Le dessin et modèle : L’aspect esthétique de votre vêtement peut être protégé plus spécifiquement en procédant à un dépôt de dessin ou modèle. Le dessin ou modèle protège l’apparence de vos produits, comme leurs lignes, contours, couleurs, formes ou textures, etc. Pour être valable, il faut que le modèle soit considéré comme nouveau et présente un caractère propre. C’est-à-dire qu’il produise sur l’utilisateur averti une impression visuelle différente par rapport à celle produite par tout dessin ou modèle divulgué avant la date du dépôt de la demande d’enregistrement. Une fois votre modèle déposé, vous obtenez un monopole d’exploitation en France pour une durée minimale de 5 ans mais renouvelable 4 fois maximum soit un maximum de 25 ans sur le territoire français. Un dépôt peut comporter jusqu’à 100 vues et pour l’industrie de la mode le dépôt simplifié est particulièrement adapté car c’est une procédure allégée sur le plan formel, qui permet de payer certaines redevances ultérieurement et qui se caractérise par une publication effectuée uniquement à la demande du déposant (vous disposez d’un délai de 30 mois au maximum après le dépôt pour demander la publication auprès de l’INPI. Cette demande peut porter sur l’ensemble ou sur une partie seulement des reproductions jointes au dépôt.)

La prise de date (enveloppe Soleau, huissier…) : On l’a vu plus haut la date de création est très importante notamment pour invoquer valablement le droit d’auteur, une méthode efficace et peu couteuse consiste à déposer sa collection dans une enveloppe Soleau ou chez un huissier afin de lui donner date certaine.

Le secret d’affaire : Une Directive européenne 2016/943 du 8 juin 2016 sur la protection des savoir-faire et des informations commerciales non divulgués (secrets d’affaires), en voie de transposition en droit français, tend vers la création d’un régime de protection au sein de l’Union Européenne du savoir-faire par la protection des secrets d’affaires. Le recours au secret constitue un outil de protection utile pour les innovations non-technologiques et technologiques non brevetées, dont l’industrie du textile regorge. Les entreprises vont avoir un rôle à jouer par l’écriture et le respect de process de la confidentialité et des mesures de protection des secrets. Nous attirons ici l’attention des entreprises sur l’importance de prévoir des clauses de propriété intellectuelle au sein des contrats de travail des salariés inventeurs ou créateurs sont essentielles.

Le brevet notamment pour les textiles à usage techniques (automobile, sports, santé, aéronautique..) ou pour les textiles connectés – lire sur ce sujet le très complet Livre blanc sur les textiles intelligents de l’Union des Industries textiles qui constate que l’industrie de la mode est un faible déposant de brevets malgré l’essor des innovations techniques dans ce domaine. En déposant un brevet l’entreprise se crée un monopole d’exploitation d’une durée maximale de 20 ans et s’assure bien souvent un avantage compétitif stratégique. C’est le choix fait par la société Cityzen Sciences avec un T-shirt qui intègre des capteurs au tissu (dizaine de brevets déposés) pour leur D-shirt par ailleurs déposé à titre de marque !

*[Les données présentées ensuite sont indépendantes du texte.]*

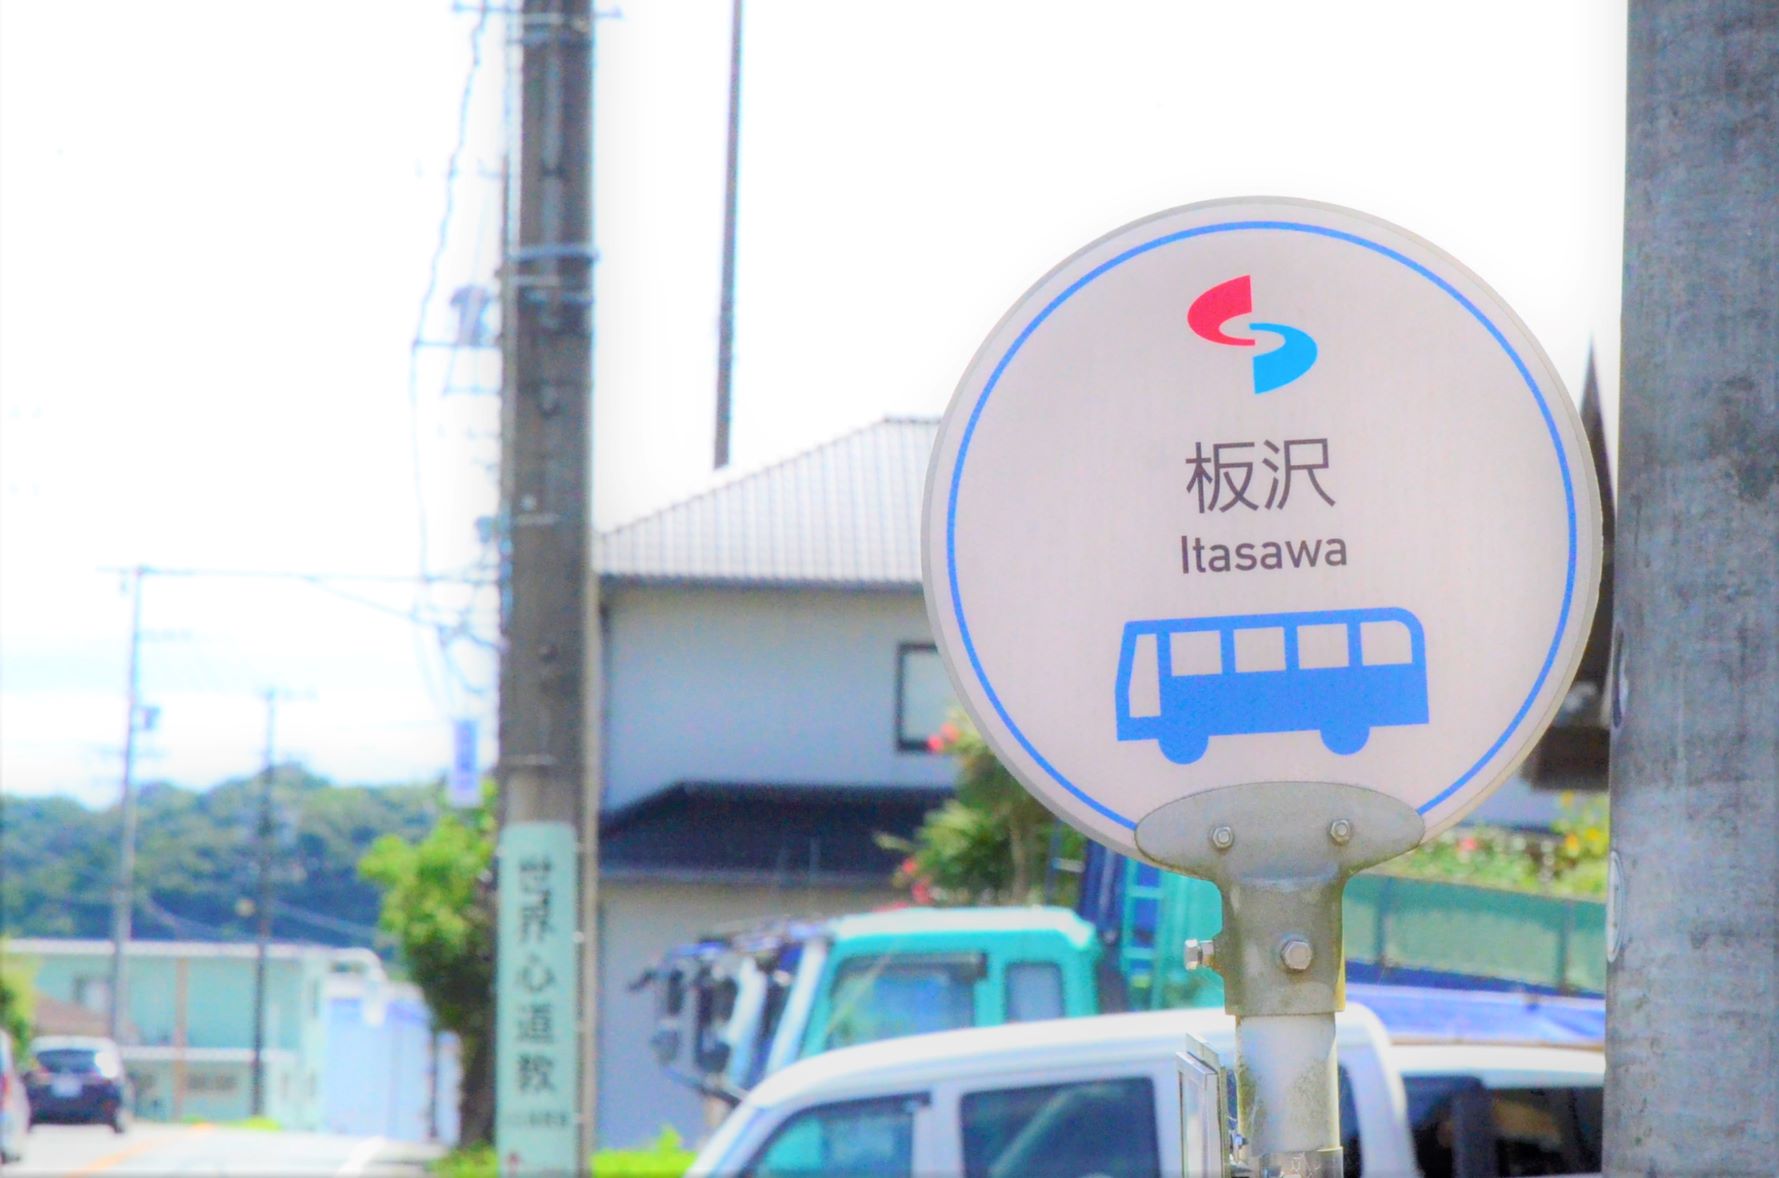 Itasawa bus stop sign

Pour faire échec aux contrefacteurs, certains créateurs de mode ont également recours à des astuces insérées dans leur création : par exemple certains intègrent à leurs marques des fils ayant fait l’objet d’un traitement spécial ou d’autres techniques de protection permettant de faciliter la distinction entre originaux et imitations.

Certaines entreprises bénéficiant d’une certaine renommée font un pied de nez aux contrefacteurs : comme la marque Diesel qui a conçu et vendu en ce début d’année des vêtements «Deisel» à l’initiative de son fondateur Renzo Rosso qui entendait ainsi attirer l’attention sur le phénomène de la contrefaçon.

La contrefaçon coûte chaque année 7 milliards d’euros à la France. Pour les entreprises, elle représente un manque à gagner et une menace pour la préservation de leur savoir-faire. Comme nous venons de le voir, il existe plusieurs outils juridiques pour anticiper et s’en prémunir et il ne faut pas s’en priver car les créations et les innovations de l’industrie textile sont de précieux atouts.